Catherine Pozniak, a Sprayberry High School graduate who’s been a teacher and state education administrator, has announced her campaign for Post 4 on the Cobb Board of Education.Catherine Pozniak, Cobb school board candidate

Post 4 includes the Sprayberry and Kell and part of the Lassiter High School clusters in a seat that’s been redrawn for the 2022 elections.

The seat is held by third-term Republican David Chastain, currently the Cobb school board chairman.

Earlier this week Pozniak declared her intent to run in the May 24 primary as a Democrat.

Her campaign website can be found by clicking here.

Pozniak, who graduated from Sprayberry in 1997, also attended Kincaid Elementary School and Daniell Middle School.

She said she’s running because the current Cobb school board hasn’t done much planning to help students recover from disruptions caused by COVID-19 closures, including use of more than $250 million in federal relief aid to help students.
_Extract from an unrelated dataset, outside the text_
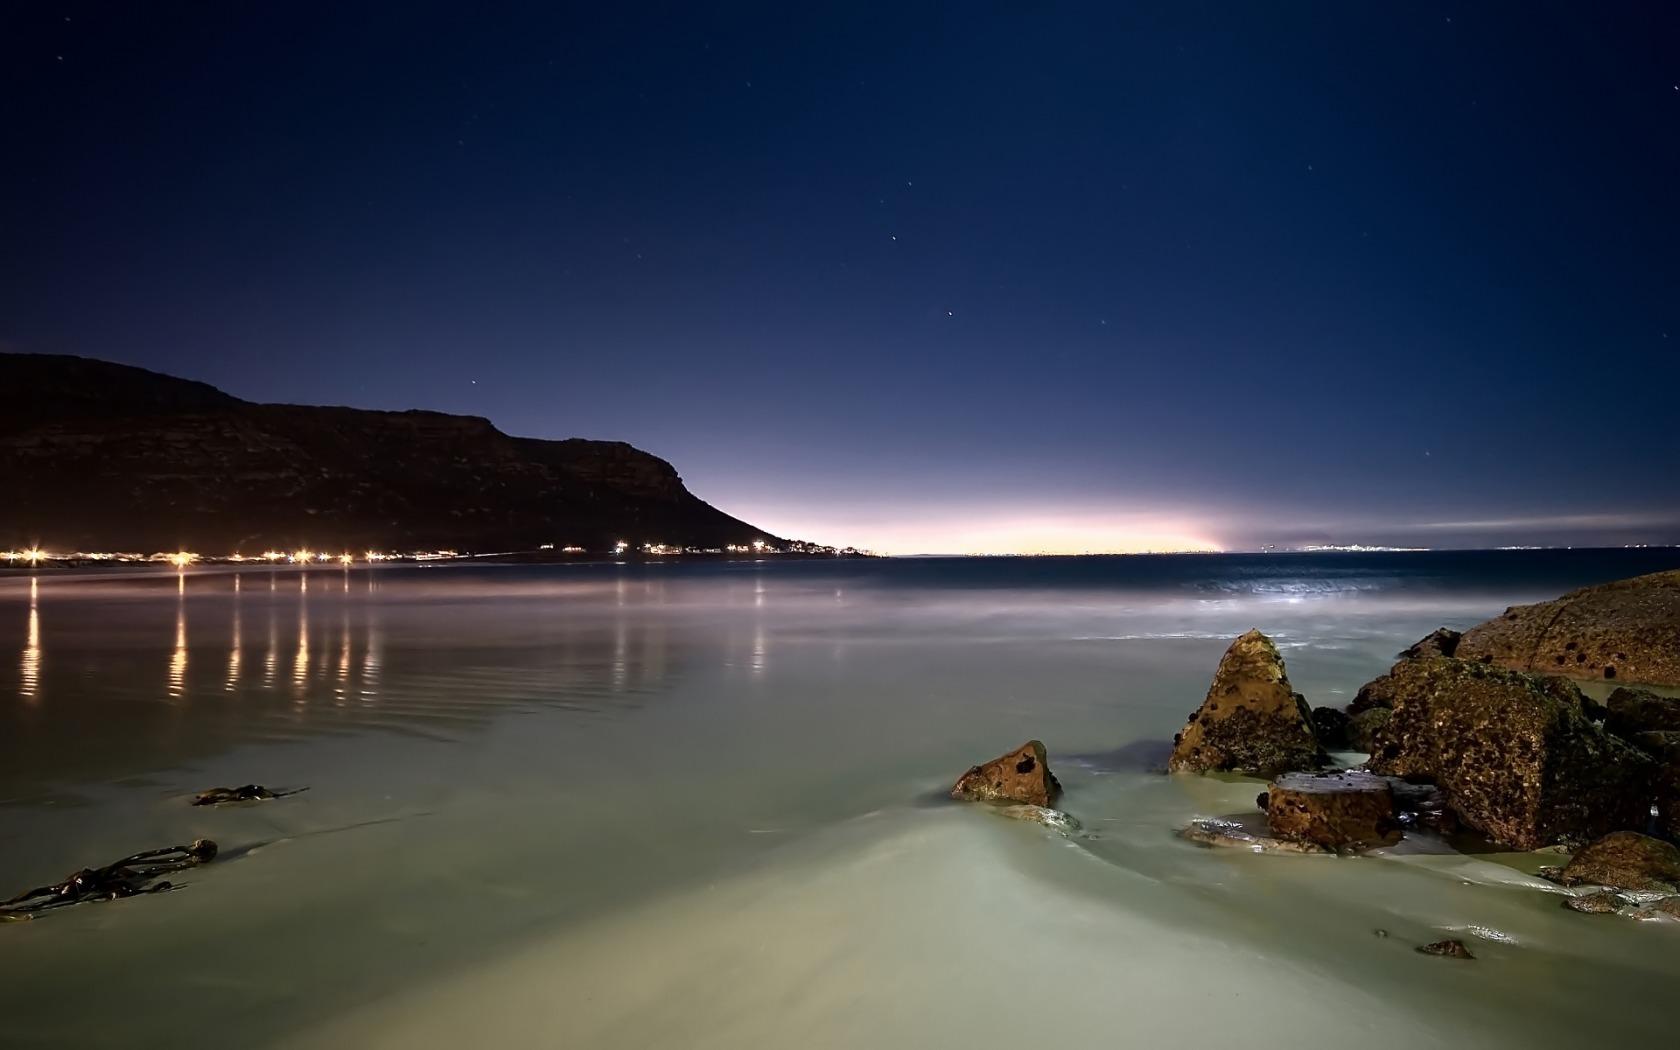 night_at_beach_1680_x_1050_widescreen.jpg

She said “it’s been disappointing to see partisanship from our Board’s leaders when our schools need their support the most.

“The Board hasn’t even laid out goals since 2018, before the pandemic,” Pozniak said. “So of course there isn’t a plan for any of this.”

Republicans currently hold a 4-3 edge on the Cobb school board. Chastain, who has indicated he will be seeking a fourth term, is the only GOP member up for re-election this year.

Pozniak earned a bachelor’s degree from the University of Sydney in Australia, a master’s degree from the University of Cambridge, and a doctorate in educational leadership from Harvard University.

She taught in a school on a Lakota reservation in South Dakota and was an assistant state superintendent of education for fiscal operations in Louisiana and the head of an educational non-profit in Baton Rouge, La.

Pozniak currently is principal at Watershed Advisors, an educational and workforce consultancy started by the former Louisiana school superintendent.

Tammy Andress, a former Lassiter PTSA co-president who ran for Post 5 on the Cobb school board in 2020, said Thursday on her former campaign page that she was considering a run for Post 4 this year following redistricting.

But Andress, a Democrat, said she’s supporting Pozniak, whom she said has a “wealth of experience, knowledge, passion, empathy and determination she would bring to our School Board. She’s the real deal!!!”

Austin Heller, a Kennesaw State University student, previously announced his campaign as a Democrat for Post 4, but was drawn out in reapportionment.

Primary qualifying takes place next week.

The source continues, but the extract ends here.